Here we are passing an object of type Type called variable by copy. This is fine for small objects like integers and doubles, but when we are passing large arrays the copy becomes very expensive. To get around this C++ allows you to pass an object by reference or pointer. In general, you should prefer references over pointers as the syntax is nicer and the meaning tends to be clearer (it's worth mentioning to somewhat more advanced users that polymorphism works with references as well, i.e. a function that takes a reference to the base class can be called with a derived class).
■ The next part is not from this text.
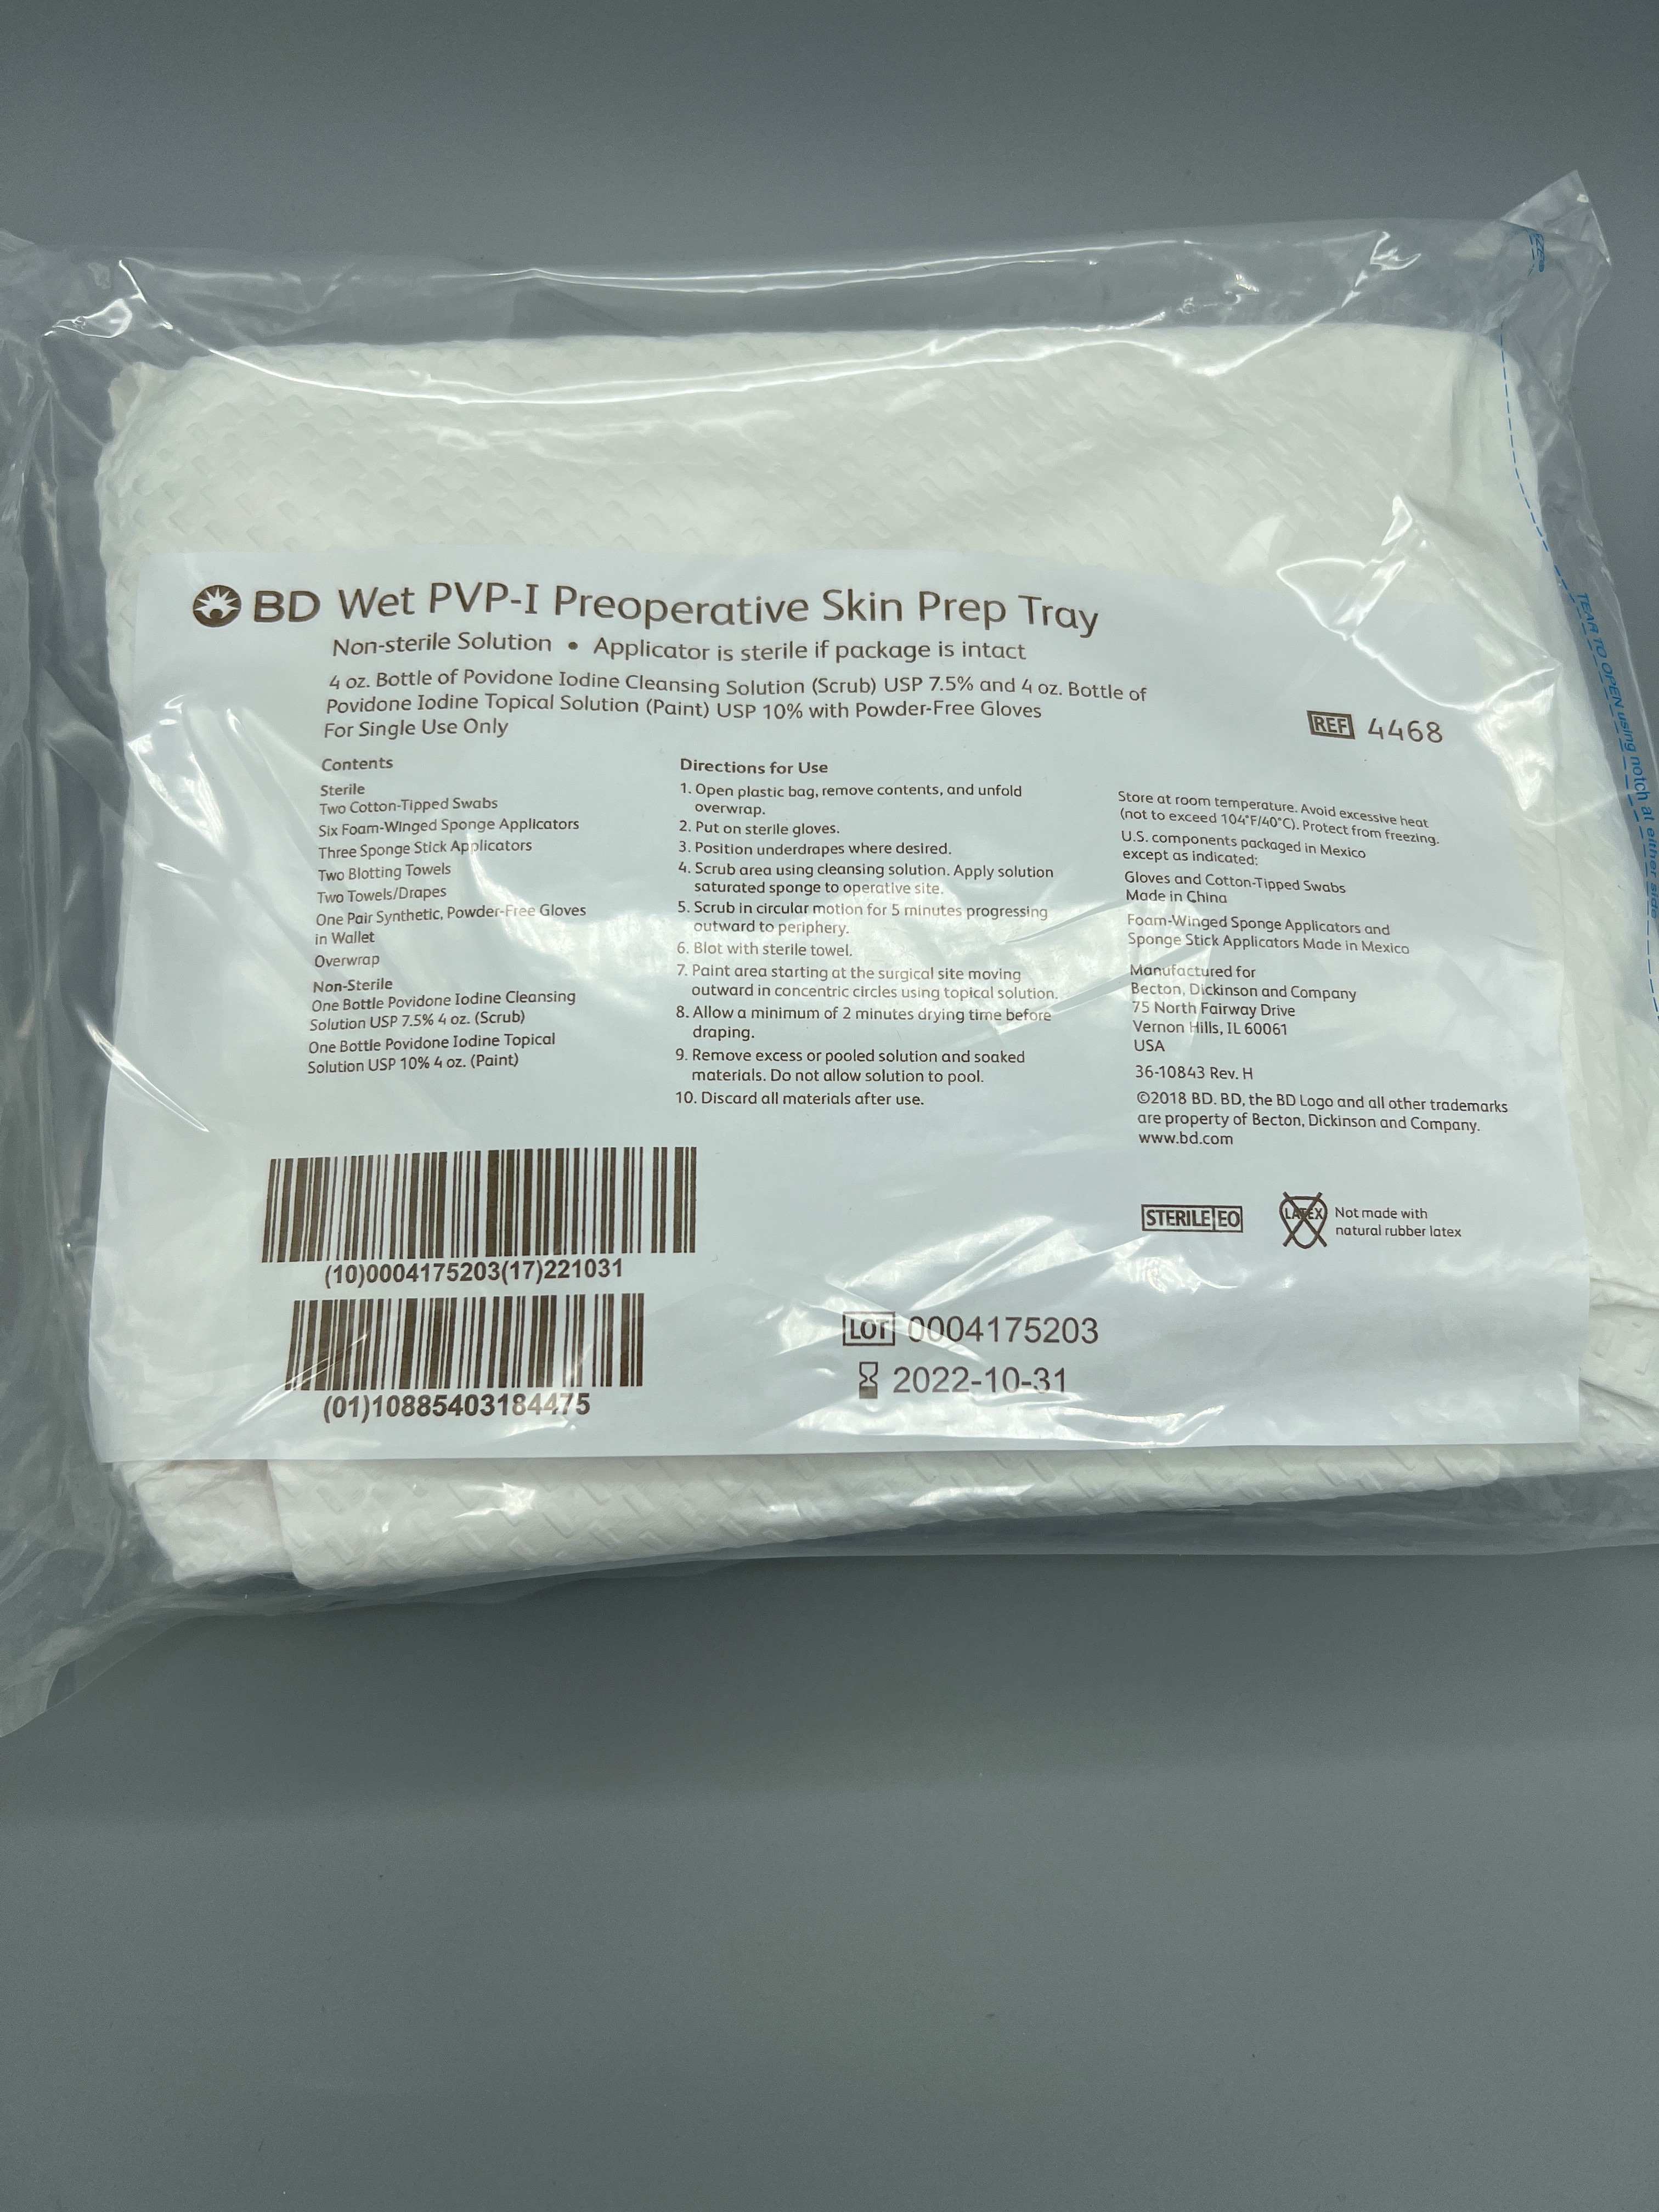 WET PVP- IPREOPERATIVE SKIN PREP TRAY 4OZ BOTTLE OF POVIDONE IODINE CLEANSING SOLUTION USP 7.5% AND 4OZ

To pass by reference:

void MyFxn(Type& Variable);

and by pointer:

void MyFxn(Type* Variable);

Note that you are actually passing the object so in the two above code snippets you should assume that MyFxn changes your input (if it doesn't, it should be using the const keyword).

References make it clear that MyFxn isn't responsible for the memory associated with Variable since the memory was necessarily allocated before the call (there's no such thing as a NULL reference) and only under rare circumstances-- that you hopefully will never encounter-- should you call delete on a reference (consider it a convention that you never call delete on a reference). Pointers on the other hand are somewhat more ambiguous, in particular who is responsible for the memory associated with Variable. Should you have allocated it before calling MyFxn? Is MyFxn going to delete it? Again C++11 helps us.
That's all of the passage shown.